Opinions

Let’s Make All of NYC ‘High-Opportunity’ Instead of Eric Adams’ Flawed Housing Plan




New York City residents are facing the ill-effects of drastic, across-the-board budget cuts affecting the most basic city services.

It would hardly seem to be the right time for the Adams administration to undertake an expensive new housing program with the city’s own funds.

Yet that’s exactly what the Department of Housing Preservation and Development announced last week.

What’s more, this one is even worse than many of its predecessors.

The so-called Mixed-Income Market Initiative will be more directly costly than tax breaks the city has used to subsidized construction of income-restricted “affordable housing”: Now the city will use its own scarce funds to pay developers to include “affordable units” along with those of market-rate.

The cost to the city will be a problem in itself.

Worse, the program is based on a misconceived social-engineering goal of moving the poor into affluent neighborhoods — which the HPD announcement refers to as “high opportunity” areas.

That emphasis was made clear by Deputy Mayor for Housing, Economic Development and Workforce Maria Torres-Springer.

The program, she said, will offer “new models for combining public resources and private financing to produce new homes for working families . . . with a particular a focus on neighborhoods with little affordable housing.”

Here’s the back story: For decades, the city used a state law — known as 421a — to provide tax breaks to lower the cost of housing mean for to lower-income tenants.

But Albany let the program expire, prompting Team Adams to take new steps to boost the city’s housing supply, particularly for low-income residents.

Some of these steps were well thought-out: Finding ways to safely legalize basement apartments, for example, or to change zoning to allow units to be built above stores are constructive common-sense approaches.

The MIMI plan fails the common-sense test.

In hard budget times, it fails a fiscal test: Building in high-priced neighborhoods costs more, if only for land.

That means each unit the city subsidizes will require big bucks — hundreds of thousands or more per unit, depending on the project.

Not federal dollars, not property-tax breaks, but the city’s own money that could be used any number of badly needed services.

Inevitably, only a small number of units will be built — for a lucky few who hit the housing lottery.

Keep in mind that the vast number of New York households are of modest means or outright poor.

The city reports that a whopping 37% of Brownsville’s 86,000 residents live in poverty.

So, too, do 20% of the 195,000 residents of Washington Heights and Inwood.

In other words, vastly more households will qualify for the new subsidized units than the number of apartments available.

The operating premise is to ensure income diversity throughout the city — that so-called high-opportunity, affluent neighborhoods will open their doors to poorer newcomers.

As HPD Commissioner Adolfo Carrion put it, “Any New Yorker who has to struggle to find a home or thinks certain neighborhoods are out of reach will be excited” about the MIMI plan.

Again, this is not only impractical and misleading, in terms of the numbers who will be served.

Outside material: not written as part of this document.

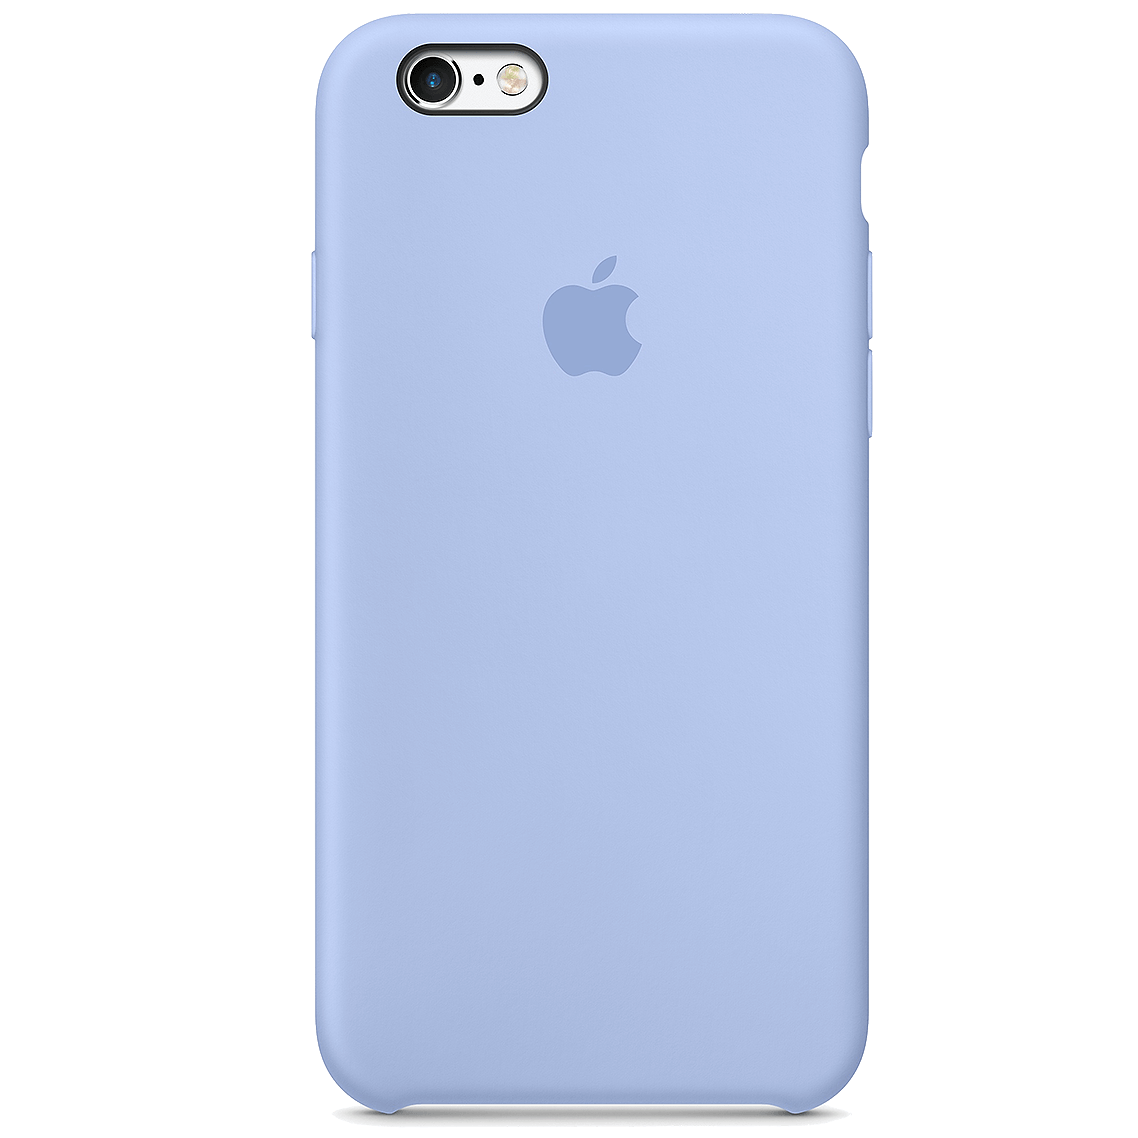 Силиконовый чехол Apple iPhone 6S Plus Silicone Case - Lilac (MM682ZM/A) для iPhone 6 Plus/6S Plus

It’s also a sad, self-indictment by the city.

To characterize a select few neighborhoods as “high-opportunity” is to imply that too many others offer low opportunity.

Rather than spending scarce dollars on convoluted socio-economic integration, the city should have another goal: make every neighborhood a high-opportunity neighborhood.

With good police protection, effective schools and clean streets, that can happen — and should.

A century ago, the Lower East Side, like Washington Heights or Sunset Park today, was packed with poor immigrants.

Thanks to great schools, especially, it turned out to be one of the highest-opportunity neighborhoods in history — the home of numerous future Nobel Prize winners, most notably physicist I.I. Rabi, and an upwardly mobile next generation.

Poor neighborhoods have historically been the launching pad for those striving to better themselves.

They need help gaining job skills and learning English — not cheap apartments for a handful chosen to make a point.

Subsidized housing at a time of budget distress is no substitute for making every neighborhood one that offers high opportunity.

Howard Husock is an American Enterprise Institute senior fellow and the author of “The Poor Side of Town — And Why We Need It.”